Disney Starlight: Dream the Night Away is a nighttime parade at Magic Kingdom at Walt Disney World in Bay Lake, Florida. The parade is the first nighttime at the Magic Kingdom since the Main Street Electrical Parade had its last performance on October 9, 2016. The parade soft opened with a performance on July 18, 2025, and officially opened on July 20, 2025.

The parade pays homage to the park's previous nighttime parades, the aforementioned Main Street Electrical Parade and SpectroMagic. It starts at the Tiana Gate in Frontierland every night, excluding special event nights.

==Development==
On August 11, 2024, it was announced at the D23 Expo in Anaheim, California that the Magic Kingdom at the Walt Disney World Resort would receive a brand new nighttime parade in the summer of 2025.

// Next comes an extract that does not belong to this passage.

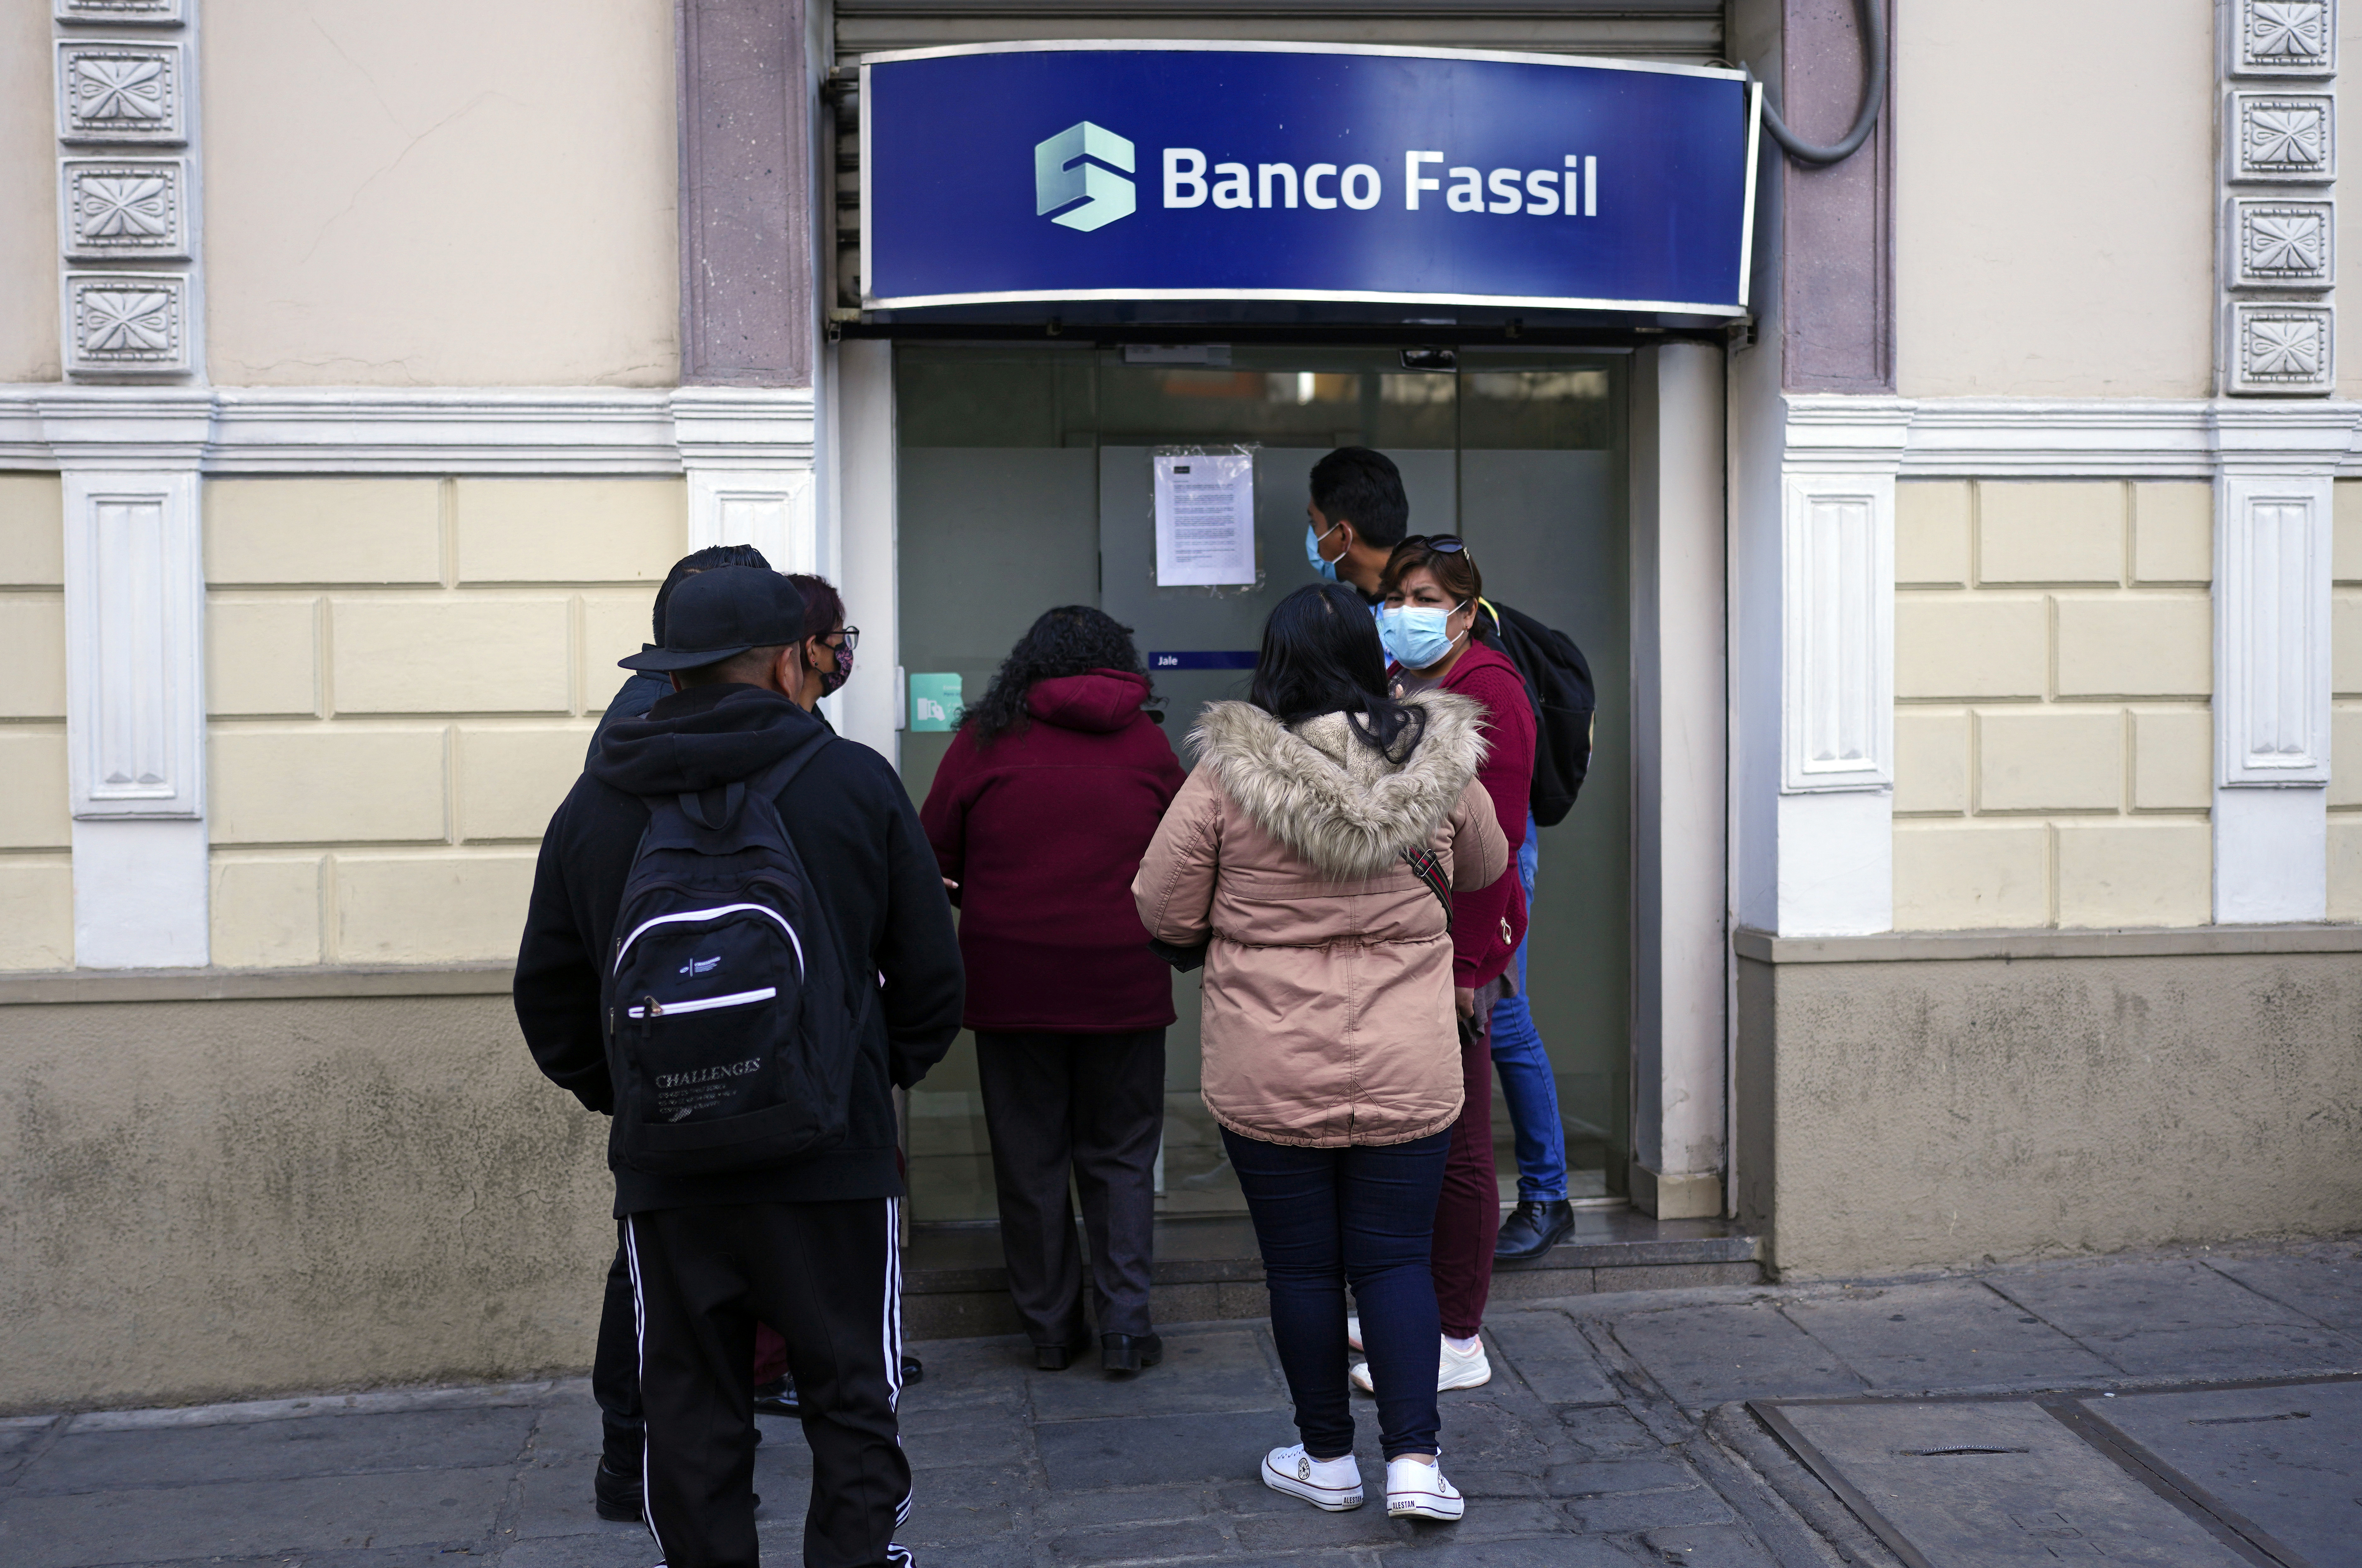 Crisis en Bolivia: intervinieron uno de los bancos más grandes del país y los clientes tomaron las sedes

On May 27, 2025, Disney announced the parade would debut on July 20, 2025.

The parade debuted with soft openings on July 18 and 19, before officially debuting on July 20.

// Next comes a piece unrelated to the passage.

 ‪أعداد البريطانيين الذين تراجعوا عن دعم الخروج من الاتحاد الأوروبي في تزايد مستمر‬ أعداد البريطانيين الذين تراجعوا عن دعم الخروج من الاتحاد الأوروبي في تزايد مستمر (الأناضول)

This is the first time the park has had a daily night parade since the departure of the Main Street Electrical Parade in 2016, and the first new night parade at Magic Kingdom since the debut SpectroMagic in 1991.

=== Units ===
Source:
- Blue Fairy, featuring Pinocchio and Geppetto
- Wish, featuring Asha, Valentino, and Star
- Encanto, featuring Mirabel Madrigal, Isabela Madrigal and Bruno Madrigal
- Frozen, based on the 2019 animated movie, Frozen 2, featuring Elsa
- The Royal Court, featuring the Disney Princesses and their respective Princes, with Cinderella and Prince Charming, Princess Tiana and Prince Naveen, Belle and Beast, and Aurora and Prince Phillip
- Coco, featuring Miguel, Dante and Pepita
- Moana, featuring, Pua and Gramma Tala (in her manta ray form)
- Peter Pan, featuring Tinker Bell, Wendy Darling and Peter Pan
- Whimsy, the finale float, featuring Goofy, Pluto, Donald and Daisy Duck, Snow White, Dopey, Rapunzel, Flynn Rider, Aladdin, Jasmine, and Mickey and Minnie Mouse.
- Disney Starlight title float, featuring an animation of Jiminy Cricket from Pinocchio, in a tributary nod to SpectroMagic.

== Soundtrack ==
On July 25, 2025, Walt Disney Records released the complete soundtrack on all streaming platforms. The musical score for the parade was composed by Jedha and Tim Heintz, and it features a tracklist of 15 songs from the designated floats of the parade, including the opening and closing fanfares.